From that info you can determine the filter order and corner frequency you need.
Hi Zapper.
Thanks for your reply.
I need to adjust duty cycle to adjust the output voltage.
and the ripple should be <100mV.
I just saw a circuit like I uploaded, and I don't know how to calculate.
so say the frequency of PWM is 20kHz, and the duty cycle is adjustable, say 20% to 50%.
how do I determine the RC value the order.
 

Ian0

Joined Aug 7, 2020
9,680
The rise time is approximately 3 time constants (to 95%), so use RC=20us, and you won’t be far wrong.
That would give your filter a cutoff frequency of 8kHz, so you would only be about 18dB down at your PWM frequency, which would give you 0.4V peak-to-peak ripple.
A compromise will be required - either:
a fourth order filter
a slower rise time, or
a higher PWM frequency,
 

BobTPH

Joined Jun 5, 2013
8,816
Another way to look at it. The period of 20 KHz is 50 us, so you are asking for it to come up to the final voltage in 1 cycle. Not easy.

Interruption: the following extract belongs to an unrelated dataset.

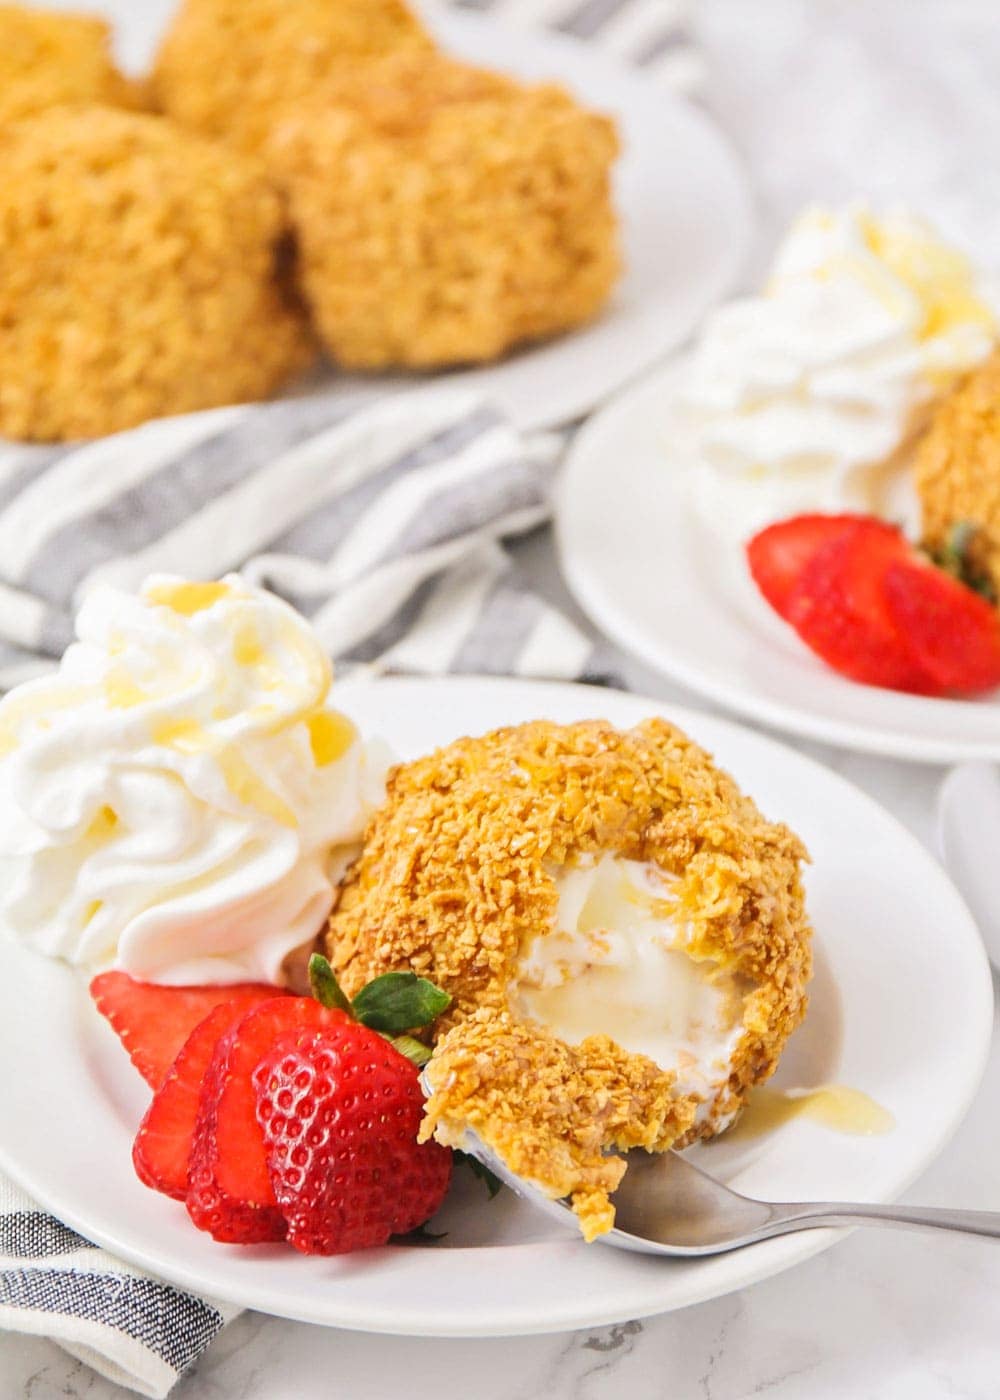 Fried ice cream with a missing bite

Edit: You originally said the frequency was not yet determined. Make it 100K and your life will be easier.

Bob
 
Last edited:

crutschow

Joined Mar 14, 2008
34,286
Top picture below is the LTspice simulation of a 50% duty-cycle, 100kHz wave, with both a 3-pole active and passive RC filter:
The passive filter (green trace) has a rise-time of about 60µs to within 10% of the final value, and the ripple is about 90mVpp.
The active filter (yellow trace) significantly improves on those values.

Getting that response with a 20kHz signal and an analog filter is not feasible.
Optimizing the 3-pole active filter (bottom picture) for 20kHz gives a risetime of about 100µs and a ripple of about 90mVpp.
The signal is shown going from a 50% duty-cycle to 20% duty-cycle at 0.5ms.

1645122646078.png

****************************************

1645125640062.png
 

Thread Starter

Frank@Frank

Joined Jul 24, 2021
23
thanks guys.
say the frequency f, duty cycle is D which is adjustable from 20% to 80%, the output ripple voltage is less than Vripple mV
is there a formulation can be used to calculate the orders and the RC values?
 

Thread Starter

Frank@Frank

Joined Jul 24, 2021
23
Nothing I know of that doesn't involve some complex math including Laplace transforms.
Hi zapper.
none offense.
so how did you come up with the circuit?
I just want to figure it out how to calculate instead of asking the same question here when the parameter changes.
 

crutschow

Joined Mar 14, 2008
34,286
so how did you come up with the circuit?
Since I (or Wally) never do any more math then we have to (hurts my head), I took the easy way.
I started with a 3-pole active LP filter that only requires one op amp (higher order filters with more op amps will likely give you only marginal improvement), and then tweaked the component values in the LTspice simulator until I got the desired maximum pp ripple,
The more you reduce the ripple by lowering the filter corner frequency, the more you increase the rise-time, so the maximum allowed ripple gives the fastest step-change risetime.
I used a nominal Bessel/Gaussian filter to give little or no overshoot on the step risetime from a sudden PWM duty-cycle change.

Note that the maximum ripple will occur at a 50% PWM duty-cycle.
 

Ian0

Joined Aug 7, 2020
9,680
thanks guys.
say the frequency f, duty cycle is D which is adjustable from 20% to 80%, the output ripple voltage is less than Vripple mV
is there a formulation can be used to calculate the orders and the RC values?
The reduction in ripple is roughly proportional to the ratio of the PWM frequency and the output frequency.
So:
The input ripple would be the PWM amplitude. The output frequency is the frequency you are trying to produce at the output once you have removed the PWM.
For a first order filter
Vpwm/Vripple = Fpwm/Fout
For a second order filter
Vpwm/Vripple = (Fpwm/Fout)^2
For a third order filter
Vpwm/Vripple = (Fpwm/Fout)^3

If your output is just a DC value, then assume an output " frequency" of 1/(2t) where t is the time you can allow it to change level.

If you want a nice smooth change of level, you will need a Bessel filter, and you won't get quite as good a reduction in ripple.
If you can allow the output to overshoot and take a while to settle when you change level, then you can get better ripple reduction.